DIRECTIONS FOR THIS TASK: Aside from the pictures, copy the listing exactly.

AVAILABLE DATA:

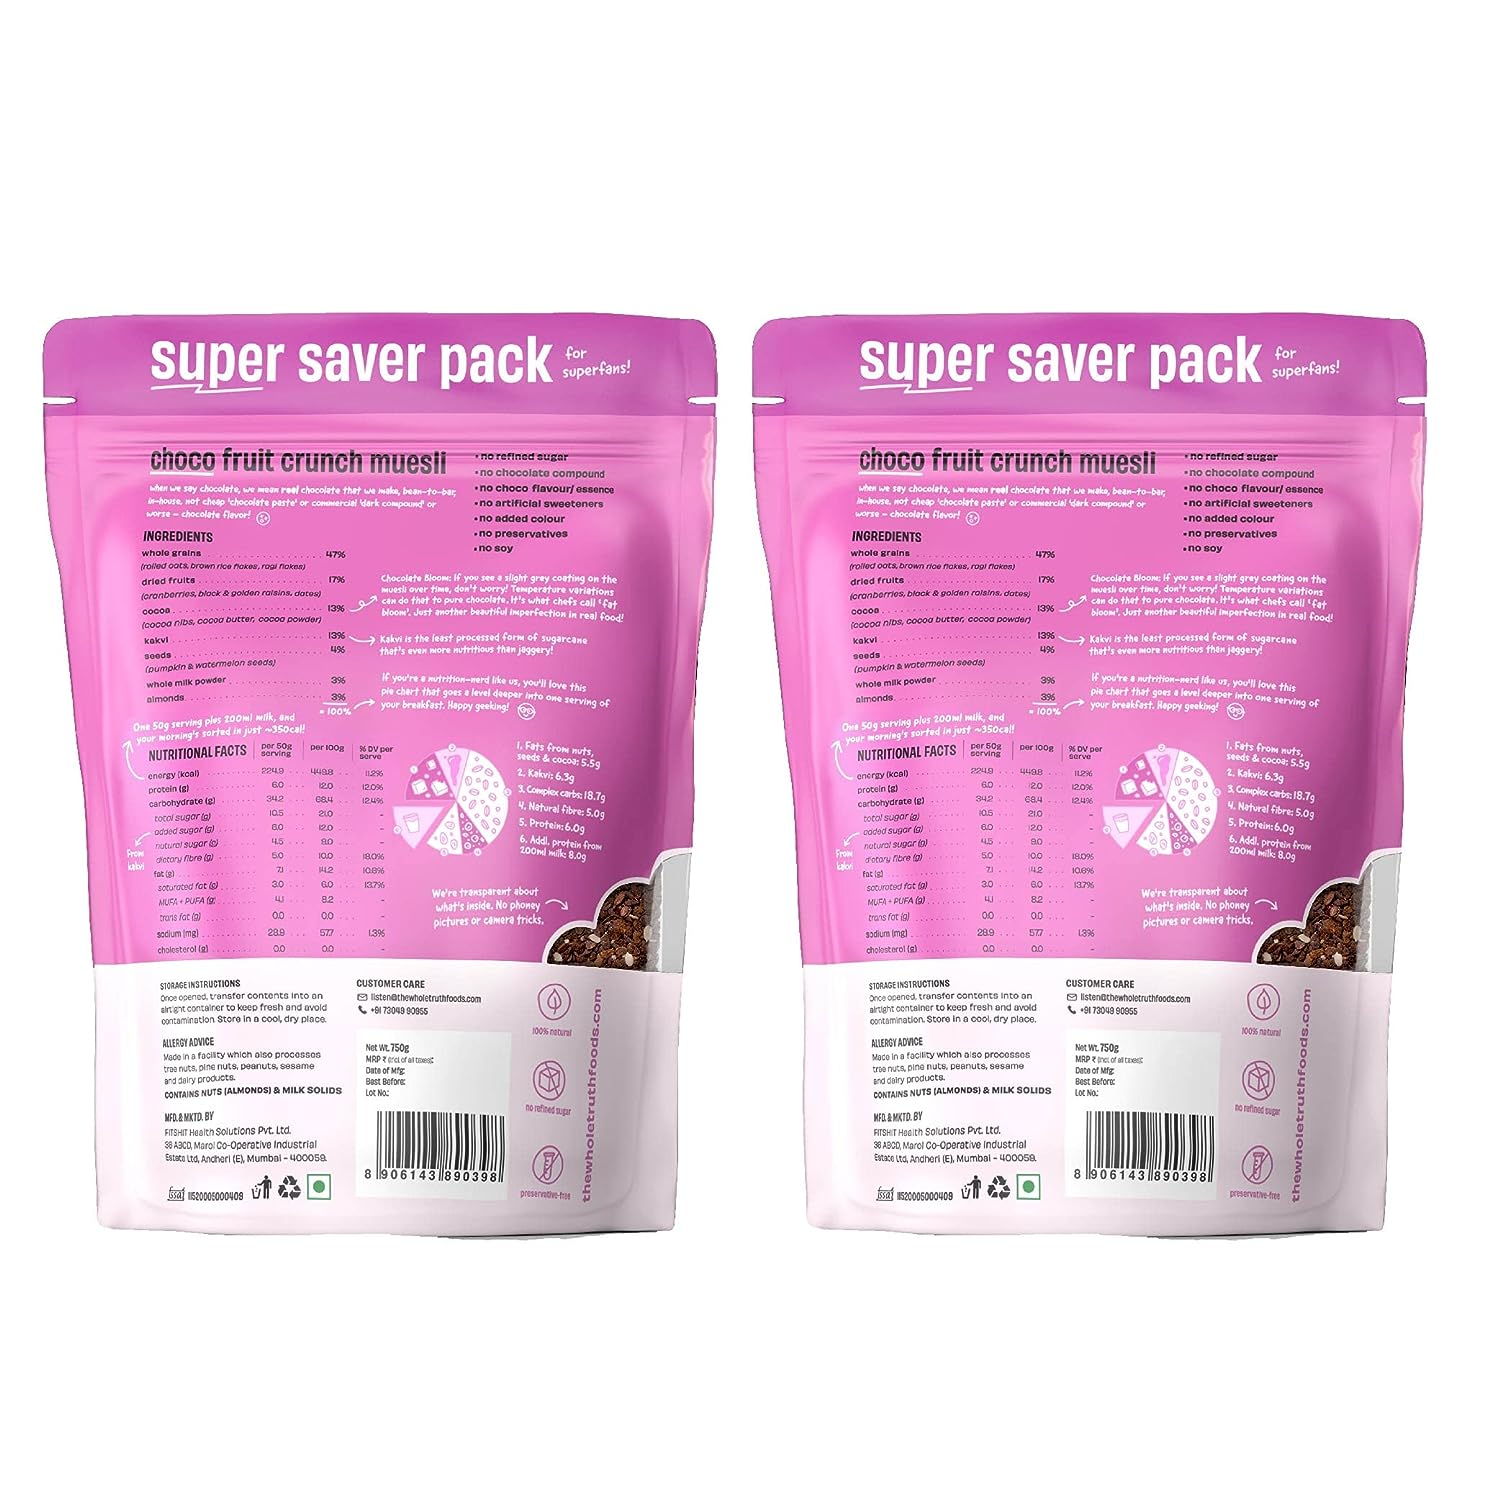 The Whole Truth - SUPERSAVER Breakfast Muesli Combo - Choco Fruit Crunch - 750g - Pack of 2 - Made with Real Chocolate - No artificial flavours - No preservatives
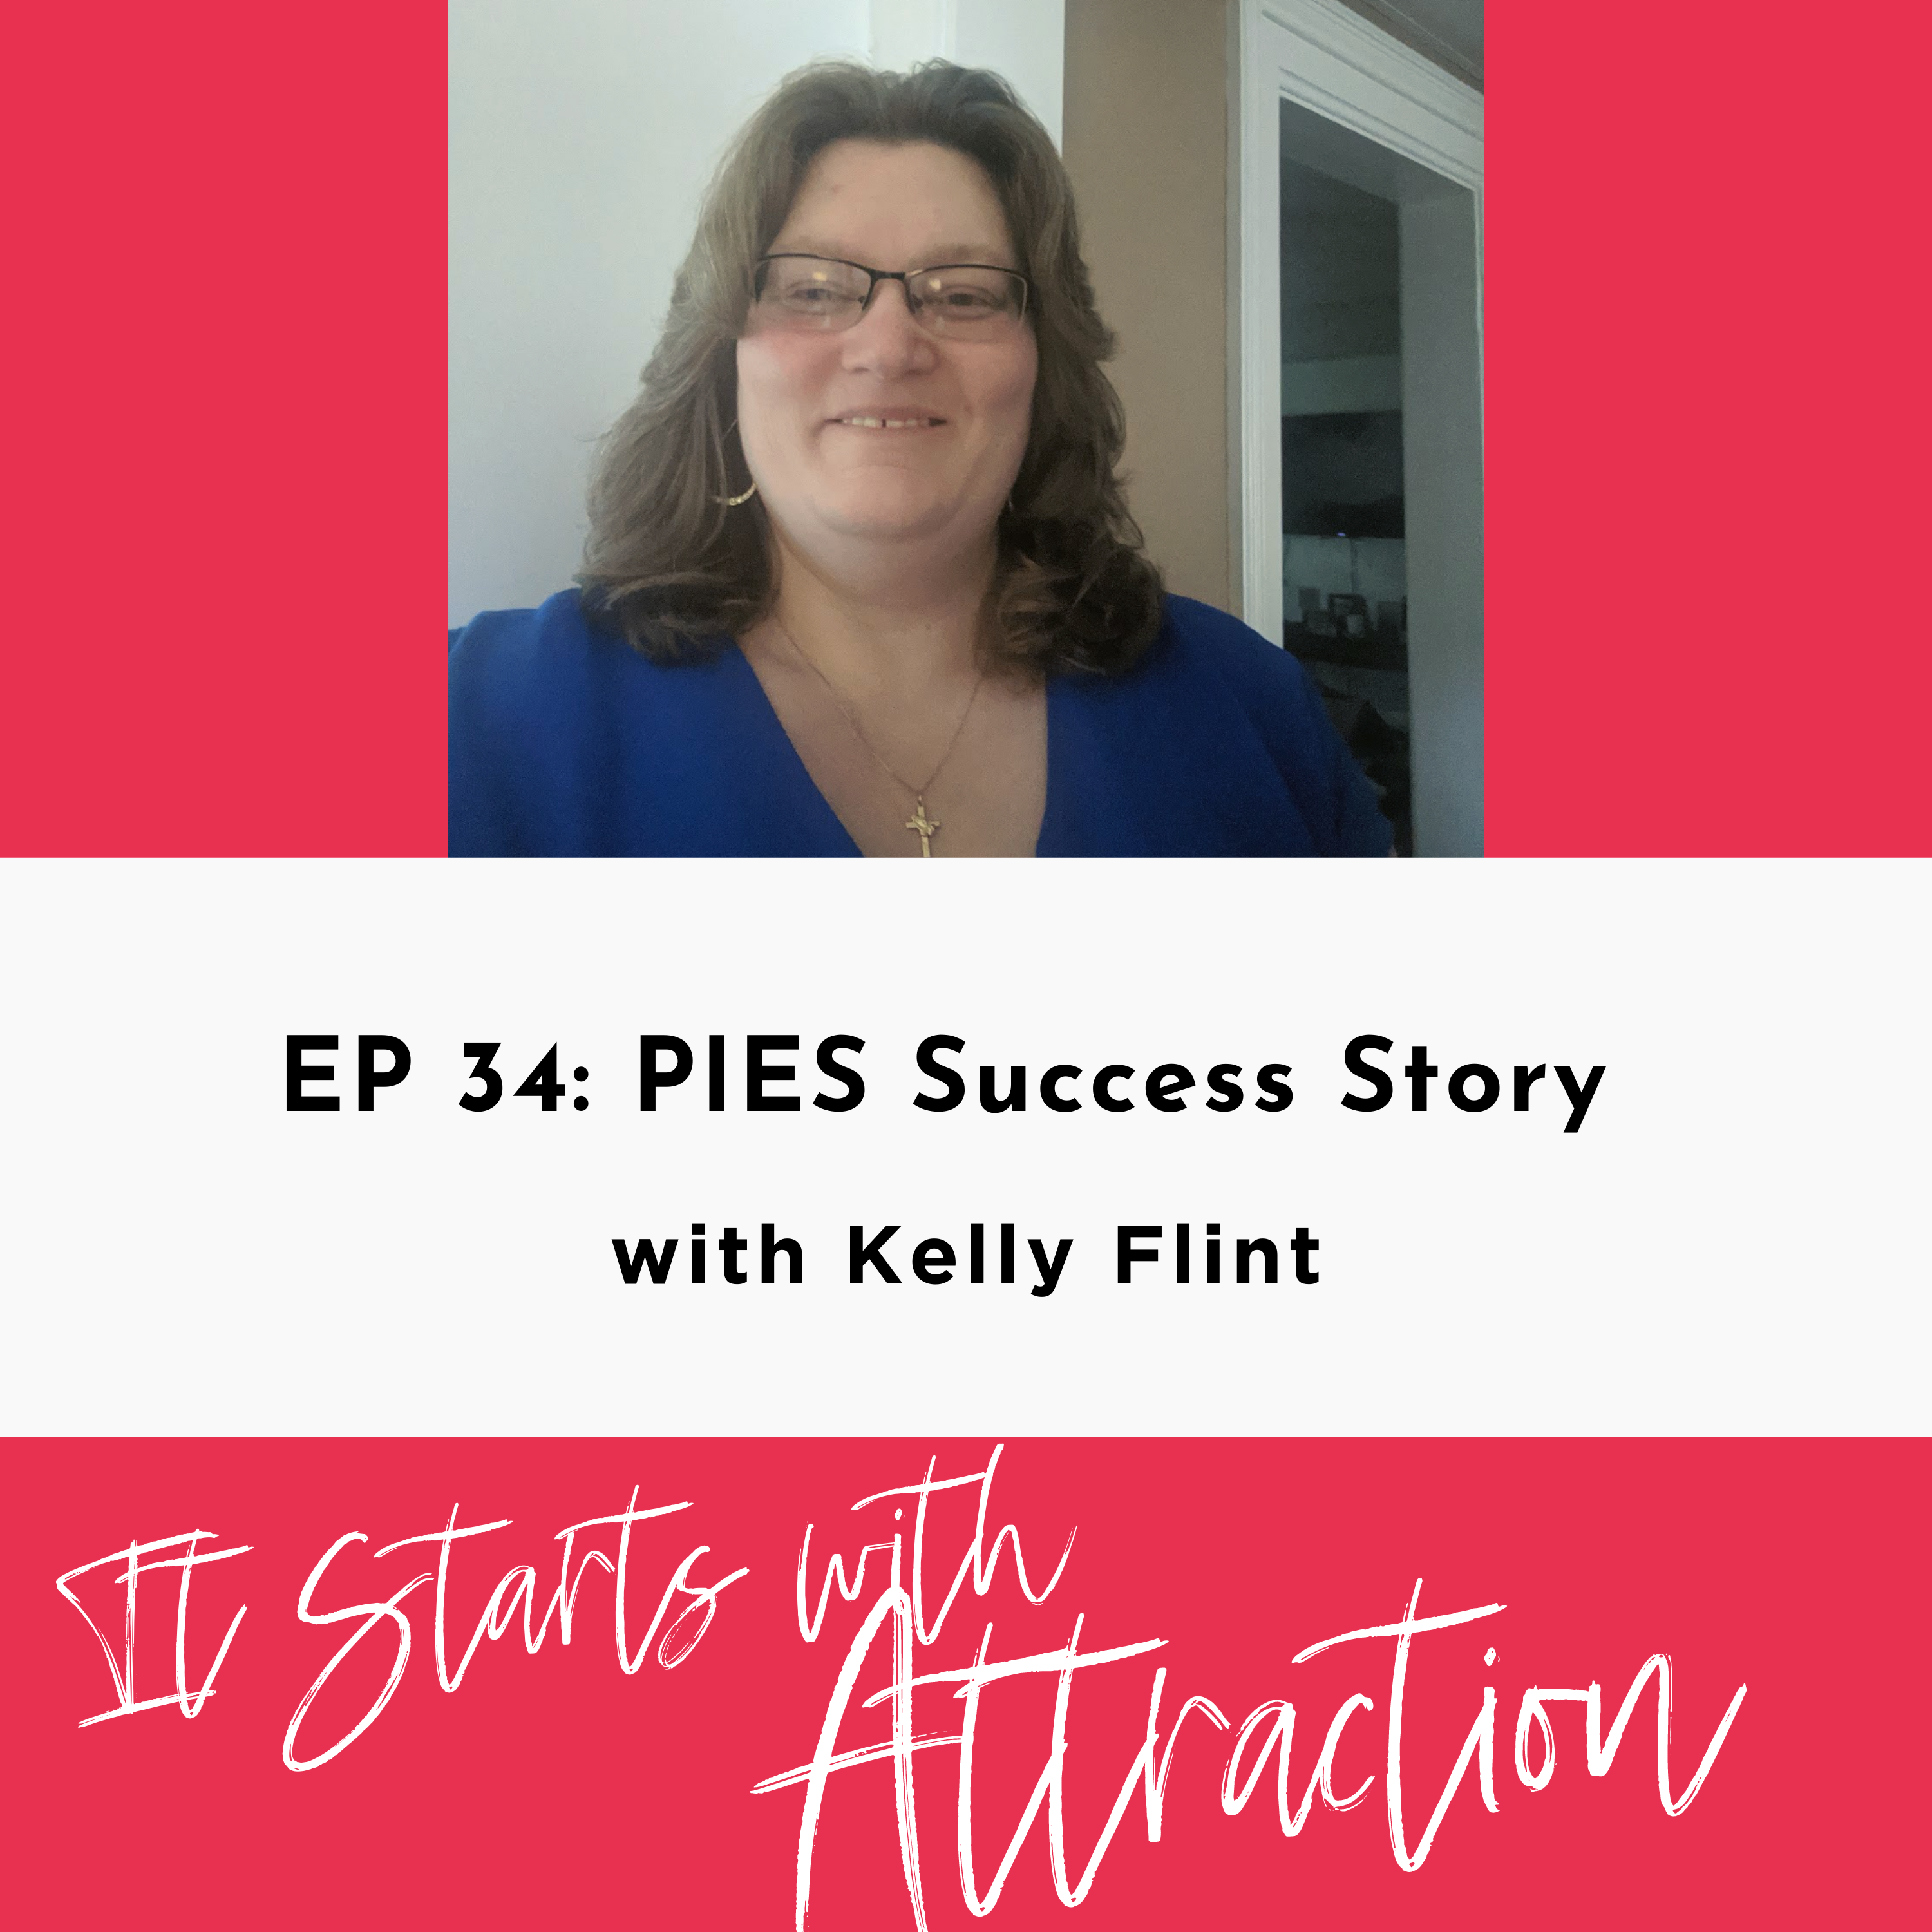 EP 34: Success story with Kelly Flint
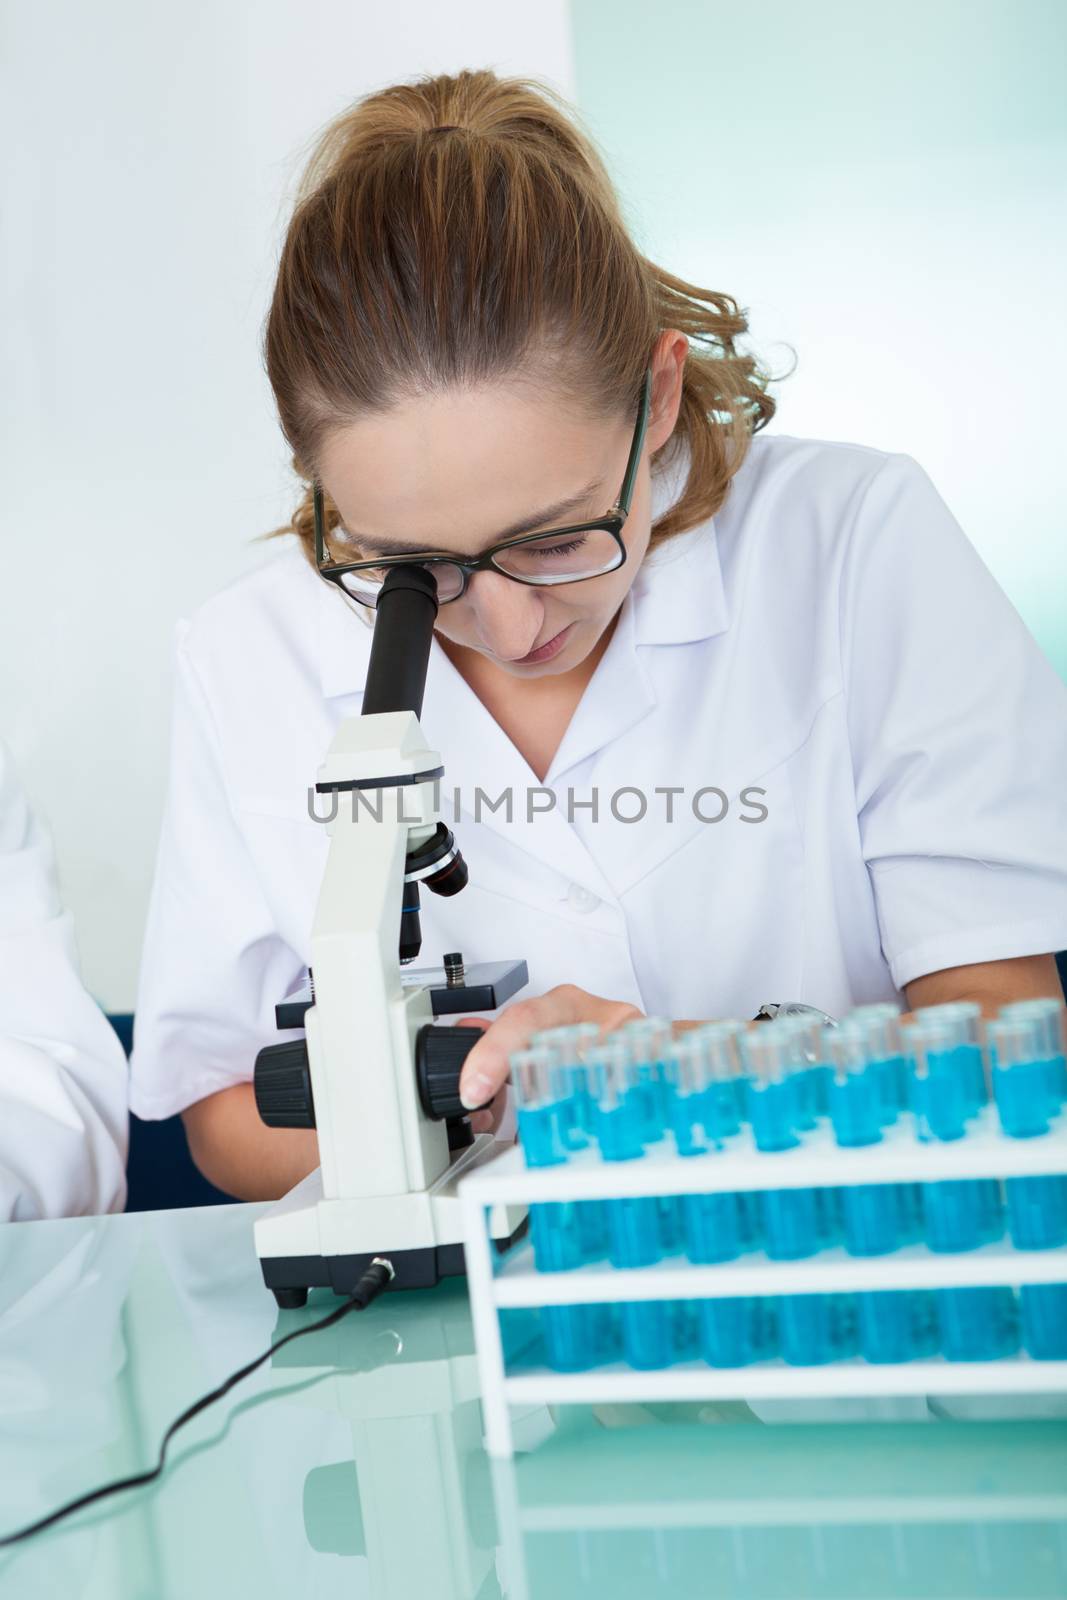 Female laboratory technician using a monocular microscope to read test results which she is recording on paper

EXPECTED OUTPUT:
 The Whole Truth - SUPERSAVER Breakfast Muesli Combo - Choco Fruit Crunch - 750g - Pack of 2 - Made with Real Chocolate - No artificial flavours - No preservatives
 EP 34: Success story with Kelly Flint
 Female laboratory technician using a monocular microscope to read test results which she is recording on paper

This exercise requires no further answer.